→ **Data extract**:
——————

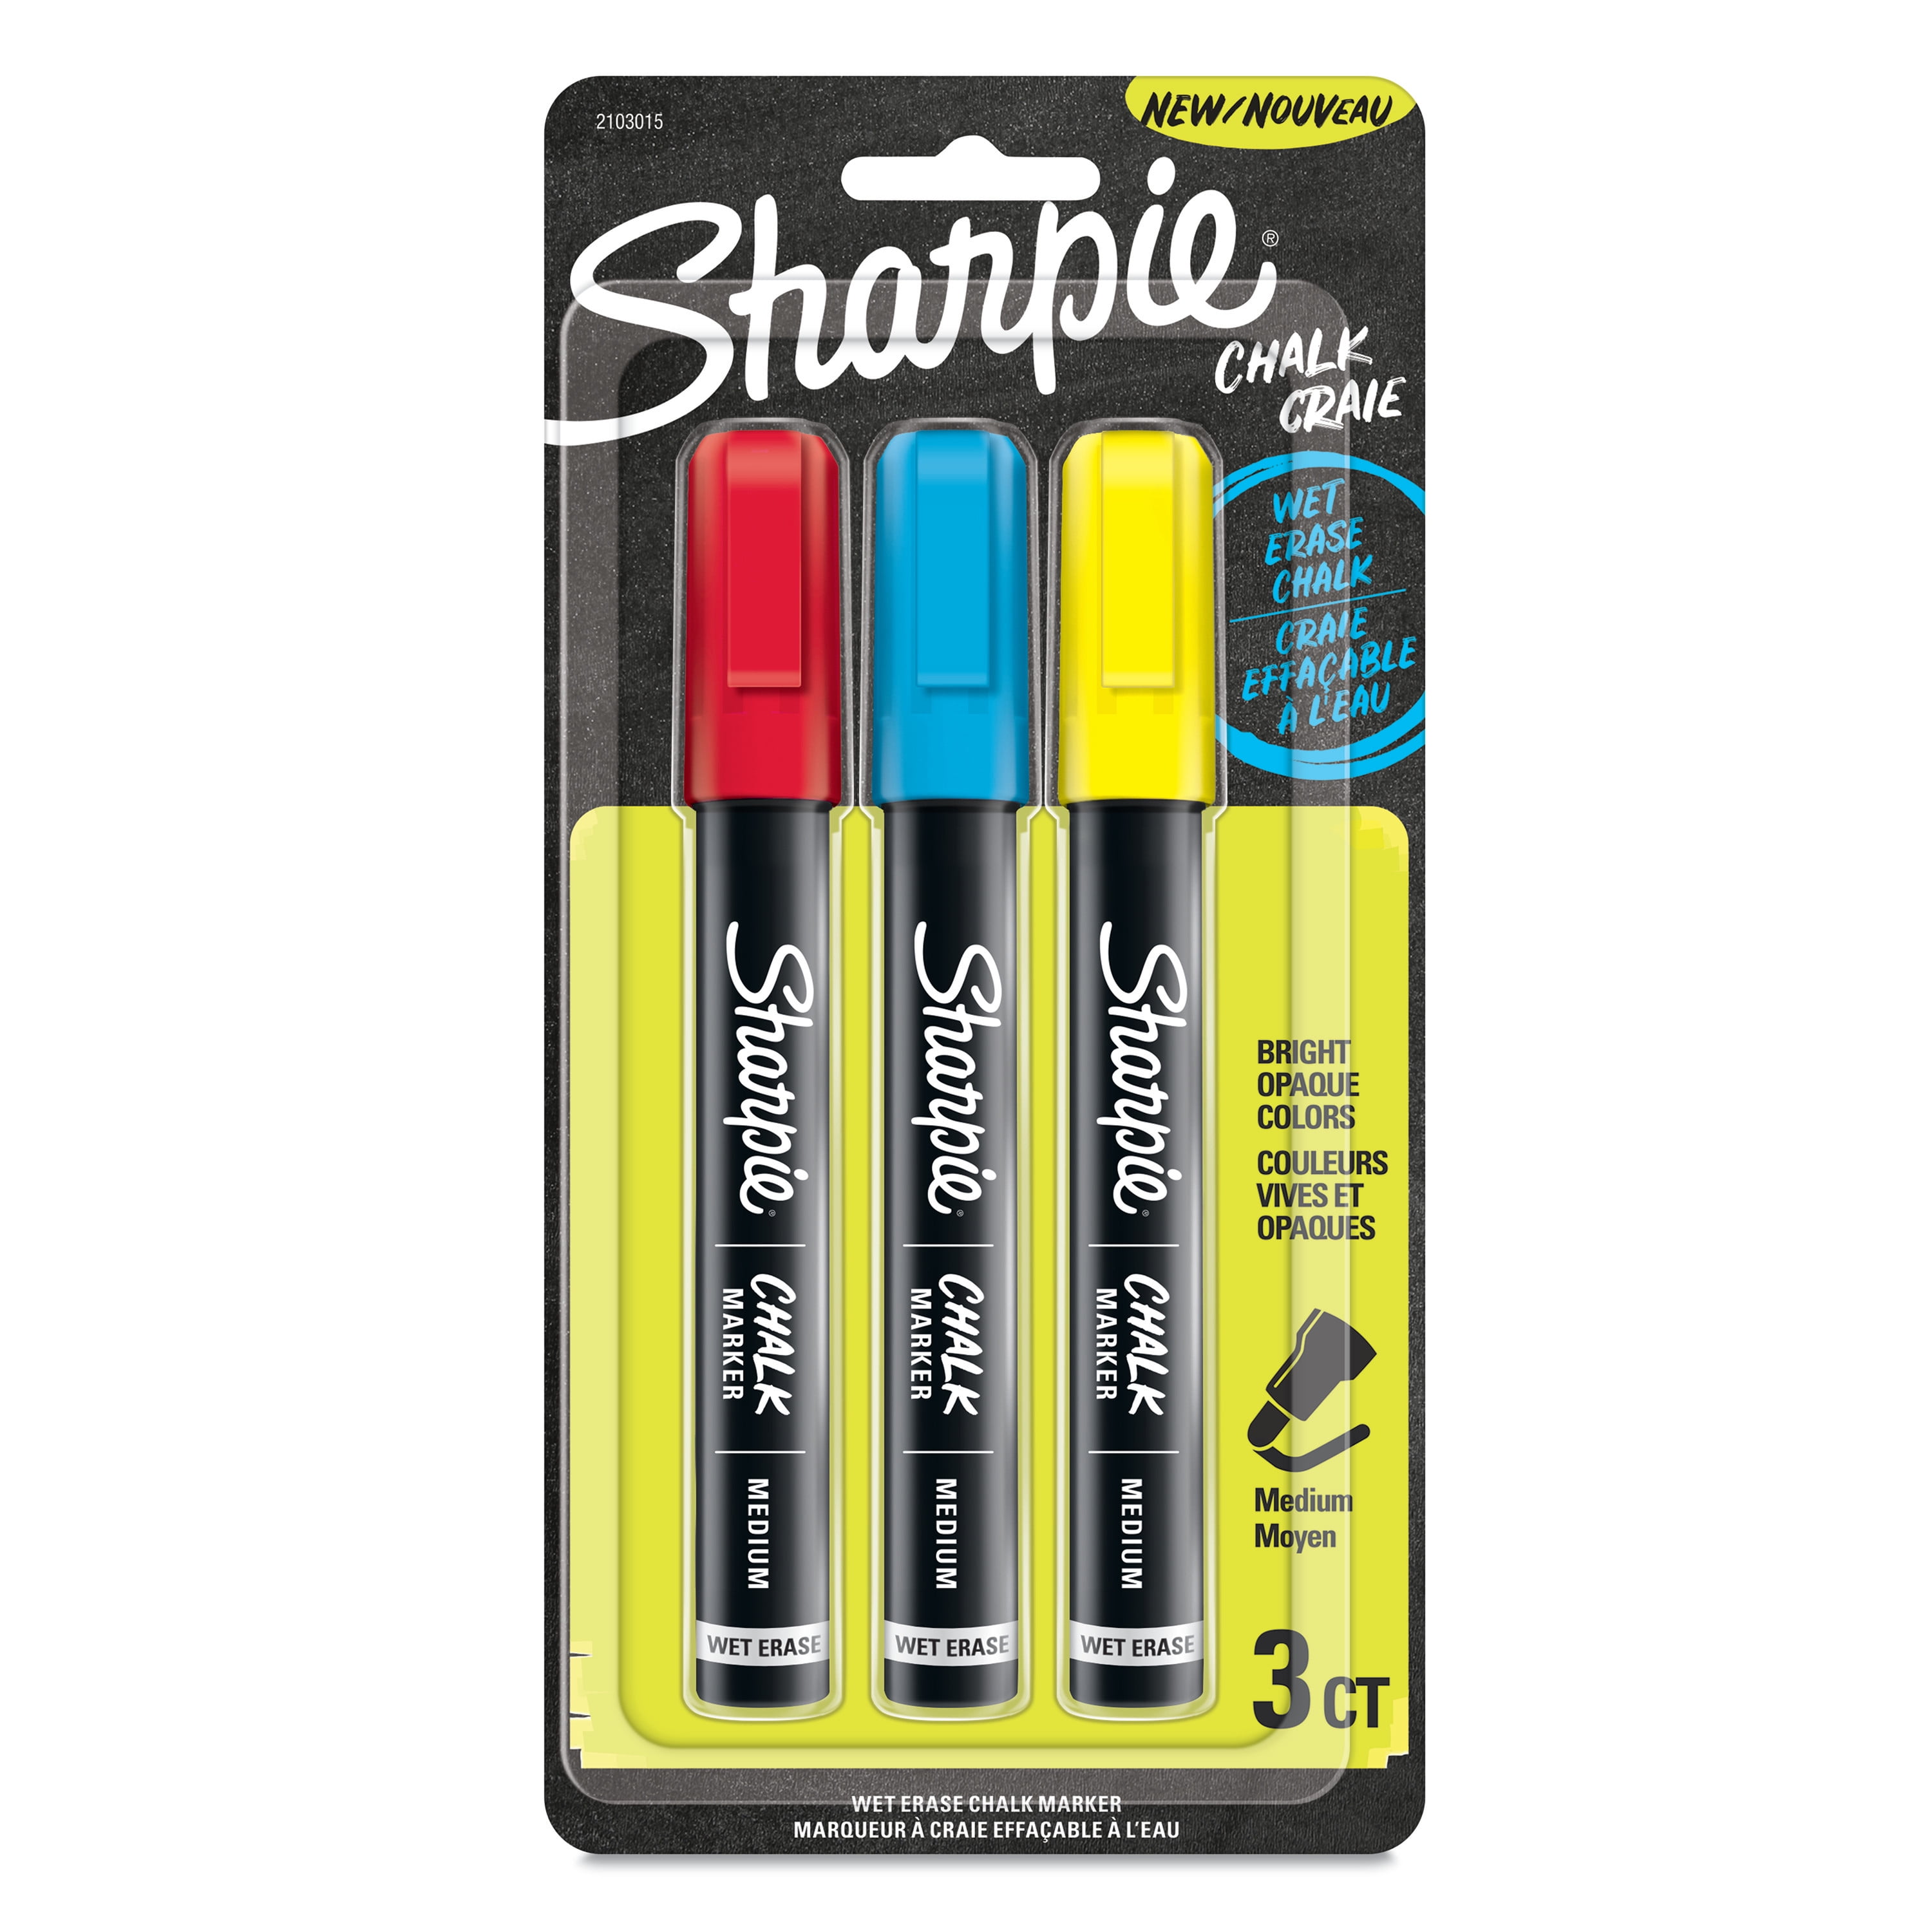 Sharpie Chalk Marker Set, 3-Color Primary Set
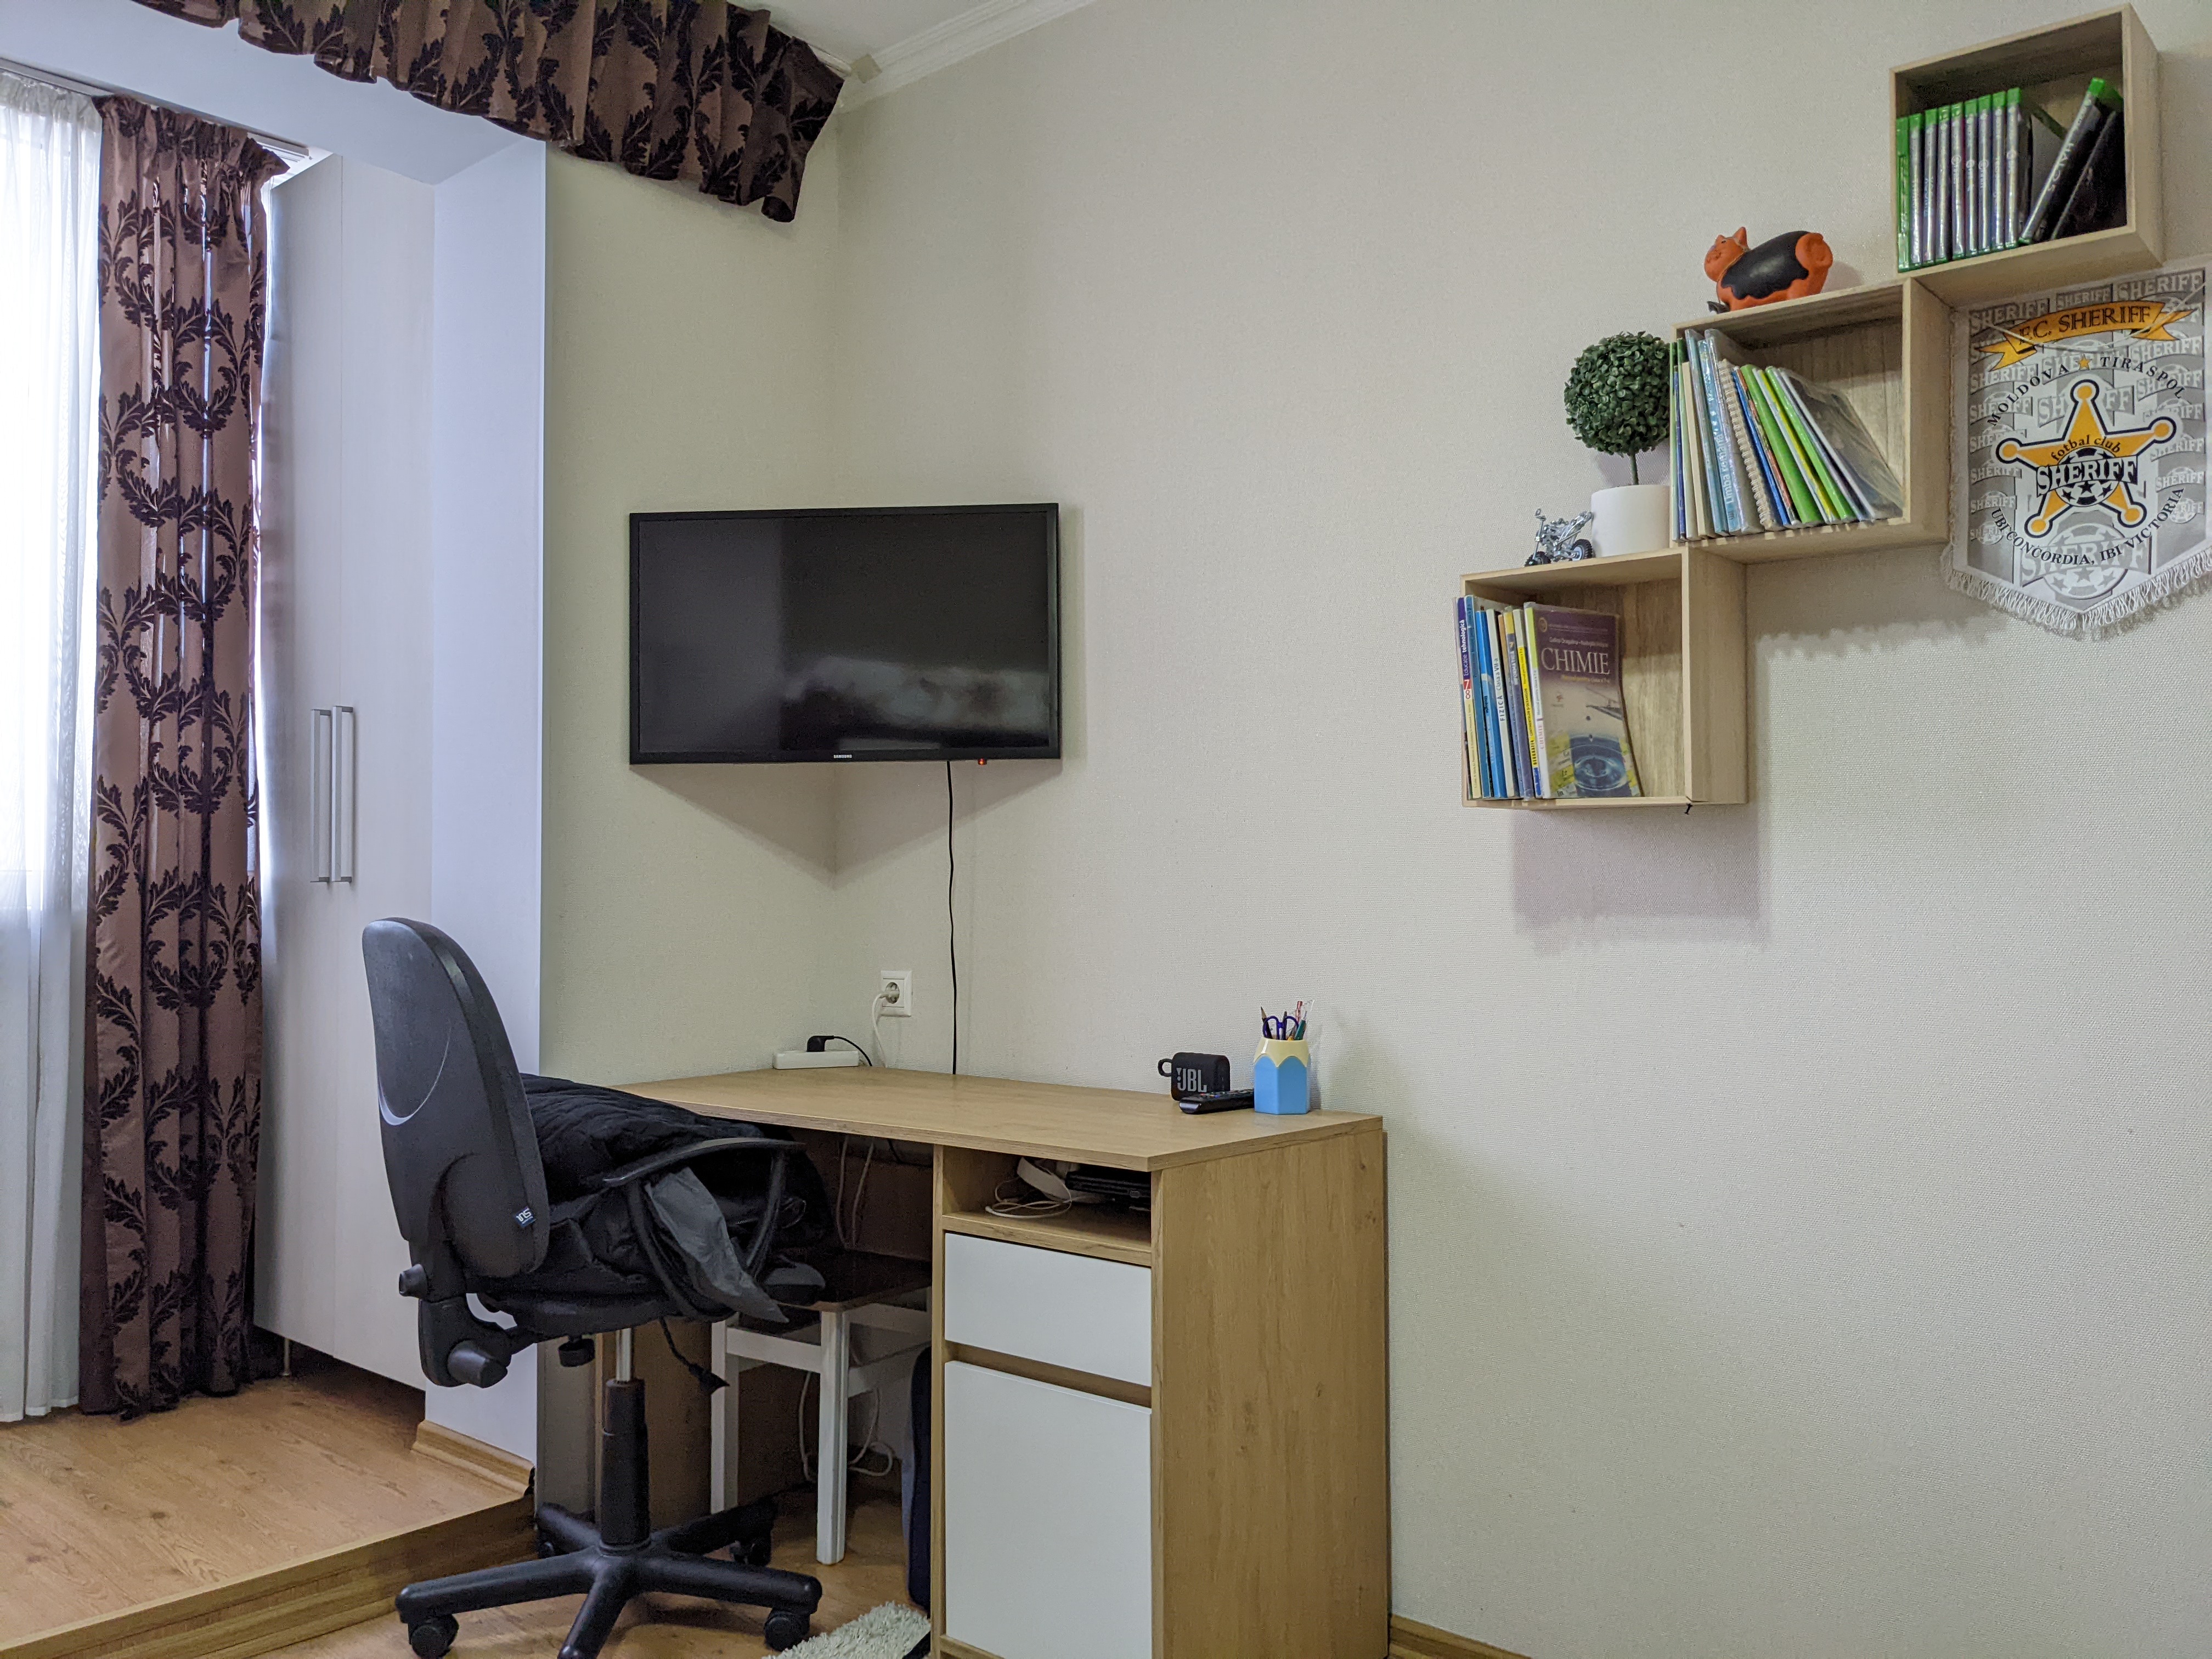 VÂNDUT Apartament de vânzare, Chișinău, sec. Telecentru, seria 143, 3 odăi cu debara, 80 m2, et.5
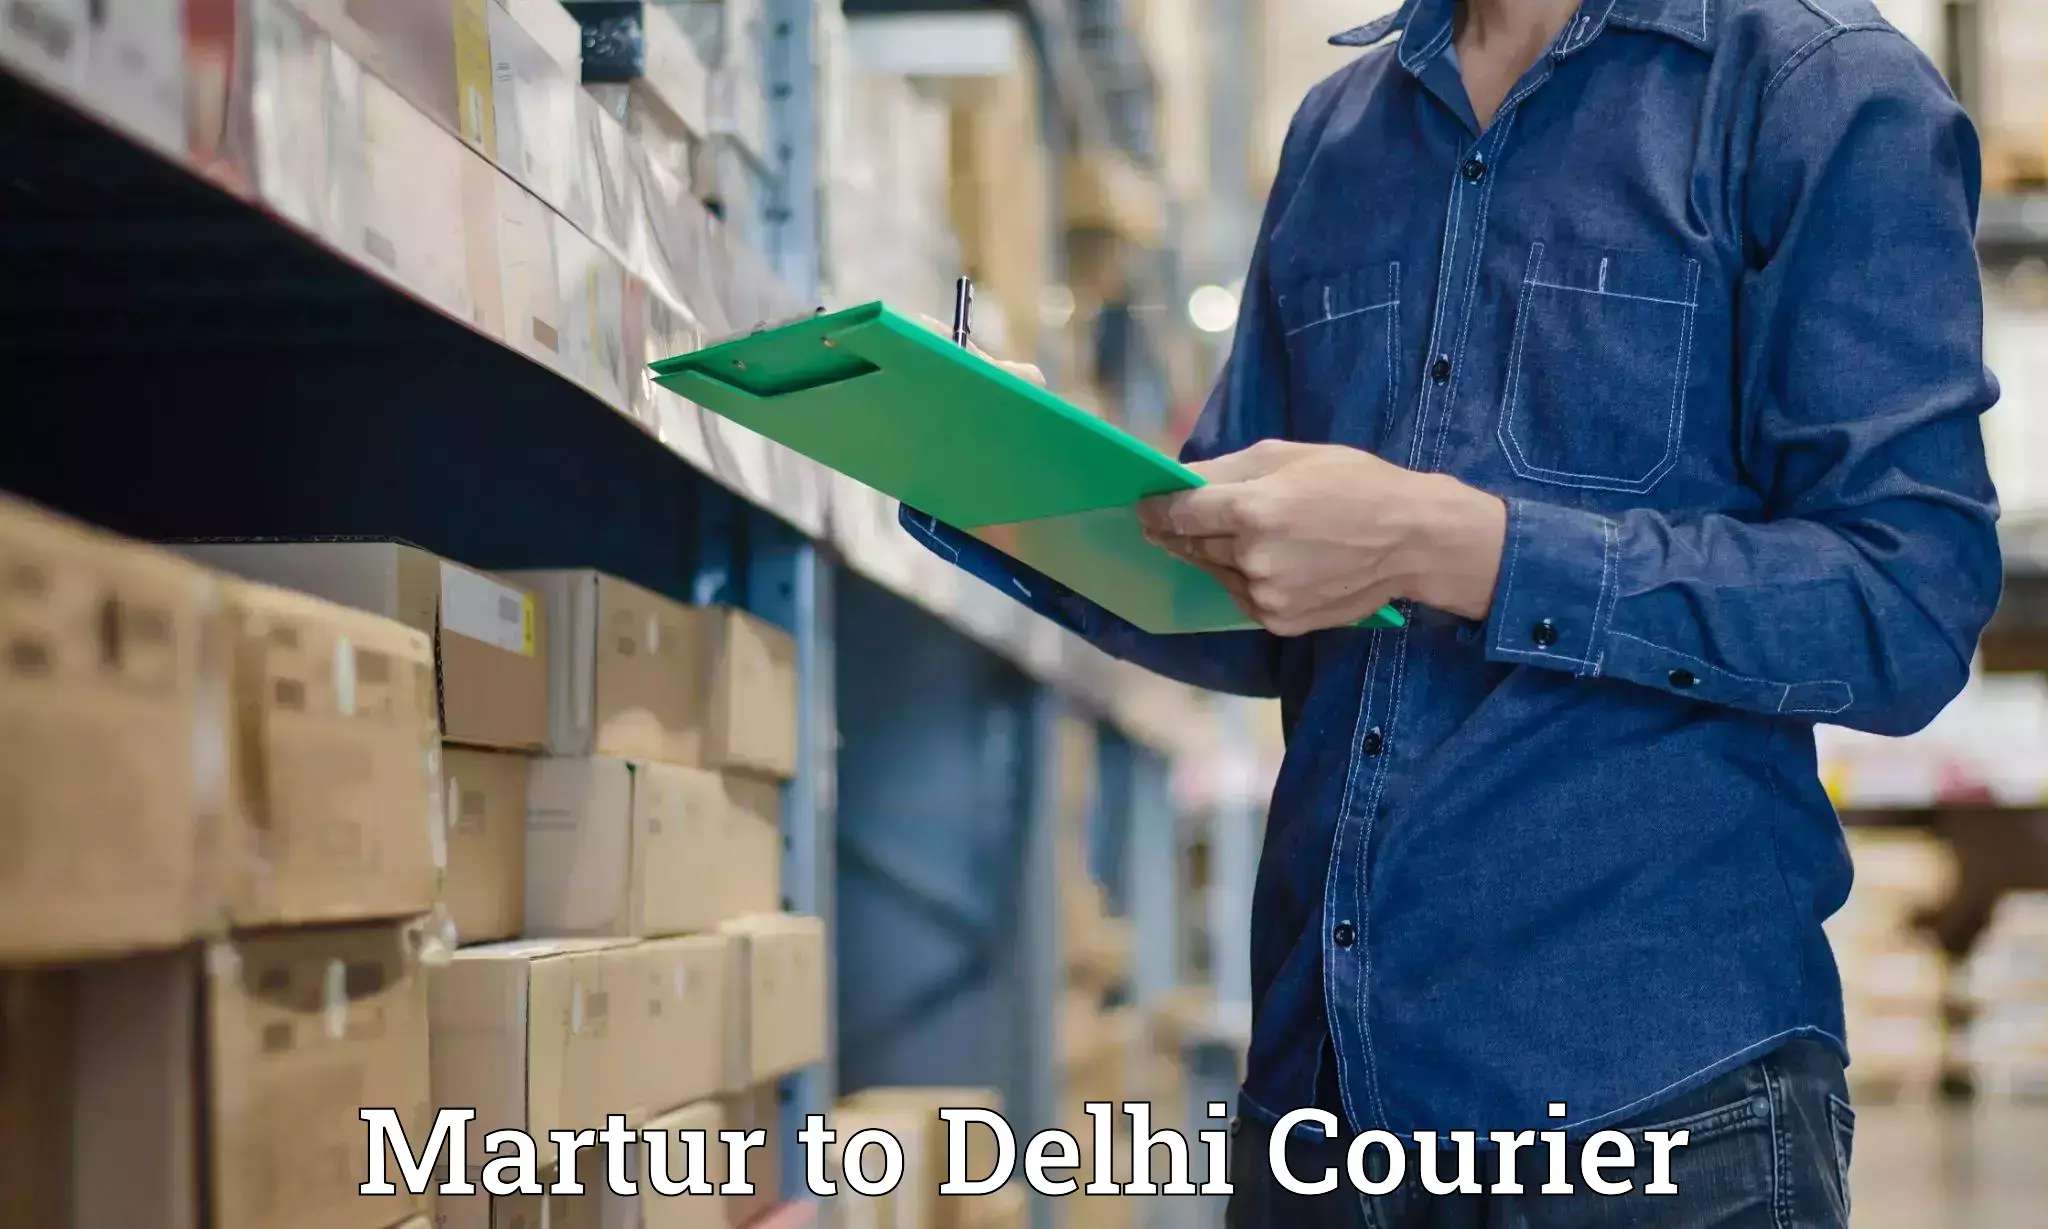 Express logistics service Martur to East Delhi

——————

→ **What needs to be done**:
Any images must be dropped; all other material is to be printed exactly.

→ **Result of the task**:
 Sharpie Chalk Marker Set, 3-Color Primary Set
 VÂNDUT Apartament de vânzare, Chișinău, sec. Telecentru, seria 143, 3 odăi cu debara, 80 m2, et.5
 Express logistics service Martur to East Delhi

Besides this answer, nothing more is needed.